スニーカーの種類とサイズの合わせ方。選び方とおすすめブランド

2019.09.15

スニーカーは、メンズファッションのカジュアルコーデにおいて、いまや欠かせないアイテムです。しかし、数多くの種類があるため、選び方の基準が分からない人も多いでしょう。スニーカーの基礎知識や選び方などを解説し、おすすめのブランドを紹介します。

スニーカーの基礎知識

スニーカーとはどんな履物なのか、基礎知識と歴史を理解しましょう。

そもそもスニーカーとは?

スニーカーとは、ゴム素材を靴底に使用した、布製もしくは皮革製の運動靴を総称して使われる言葉です。

音を立てずに歩ける静かな靴、背後から忍び寄れる靴というイメージをセールスポイントとした背景があり、『忍び寄る』という意味の英語『Sneak』を語源としています。

大半のスニーカーは、足を覆う部分に柔らかい布やレザーなどを使用し、ソール部分には利用シーンに合わせた適度な摩擦を得られる素材が使われています。

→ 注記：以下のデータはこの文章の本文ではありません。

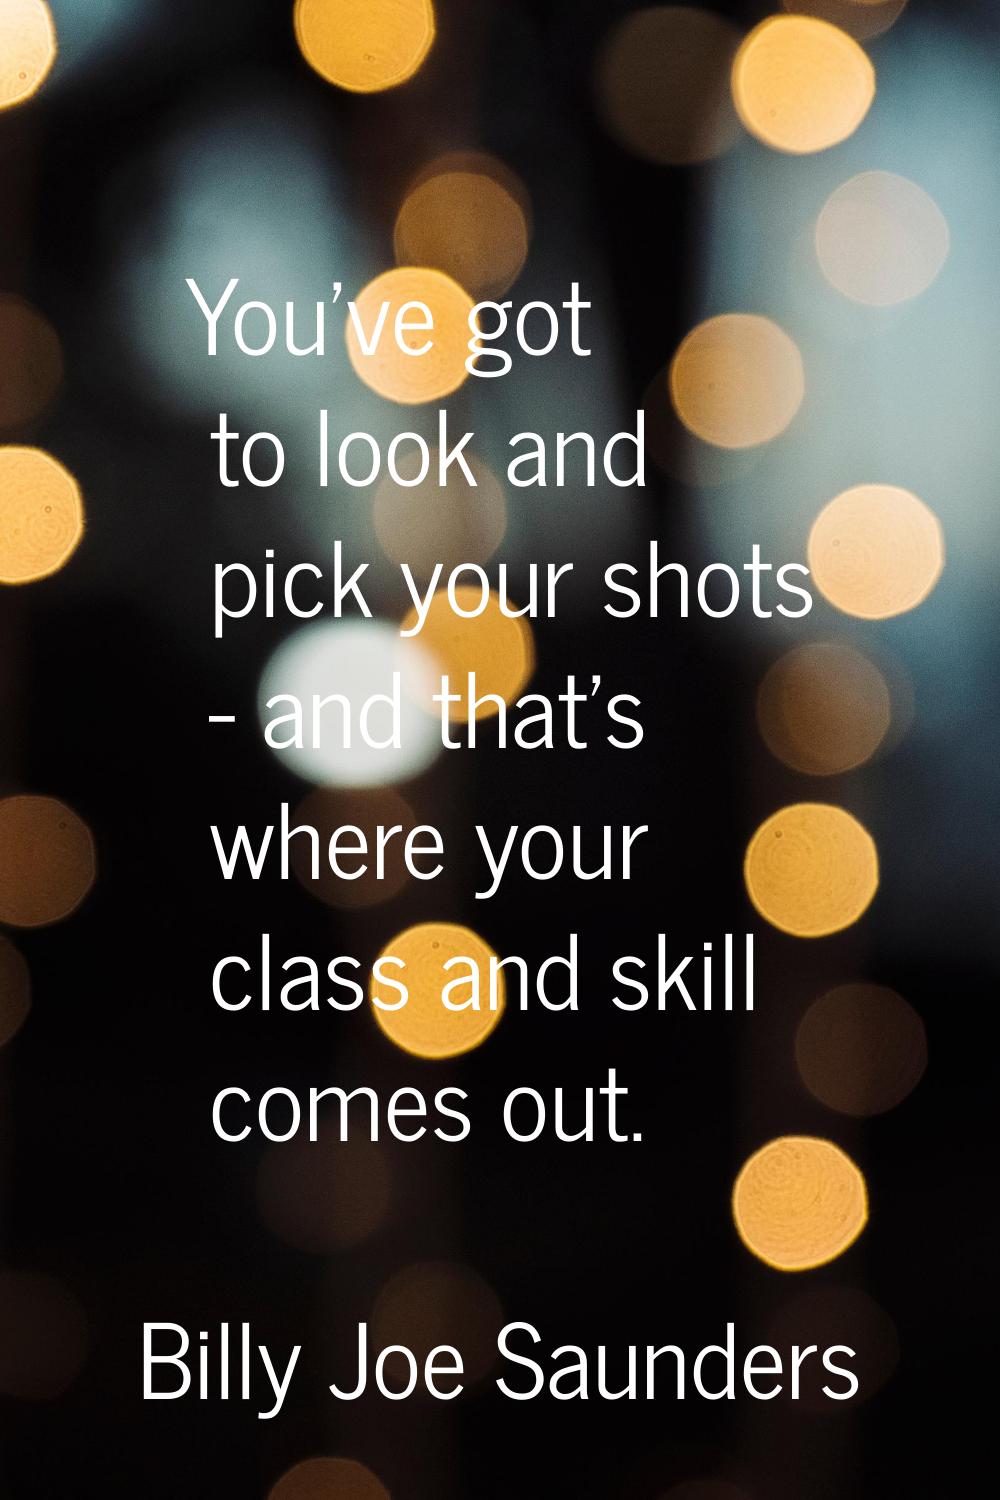 You've got to look and pick your shots - and that's where your class and skill comes out.

また、足首の固定用にストラップが付いているハイカットタイプや、吸汗のためにタオル生地などでライナーが作られているタイプもあり、種類が豊富なことも特徴です。

スニーカーが生まれたのはいつ?

19世紀後半にゴムの弾力化技術が確立され、同時にゴムと他素材の接着法も確立されたことにより、スニーカーの原型ともいえるスポーツ用のゴム底運動靴が開発されました。

その後、ゴム関連の技術が次第に広まり、1930年までには、現在でも名の知られている多くのスニーカーブランドが出揃います。

1970年代の後半に、NBA人気の影響を受け、スニーカーブランド各社が大々的にバスケットスニーカーを開発したことで、アメリカの街はスニーカー一色となります。

さらに、1980年代にナイキが発売した『エア・ジョーダン』が爆発的なヒットを記録し、1990年代に入ると日本でもハイテクスニーカーブームが到来しました。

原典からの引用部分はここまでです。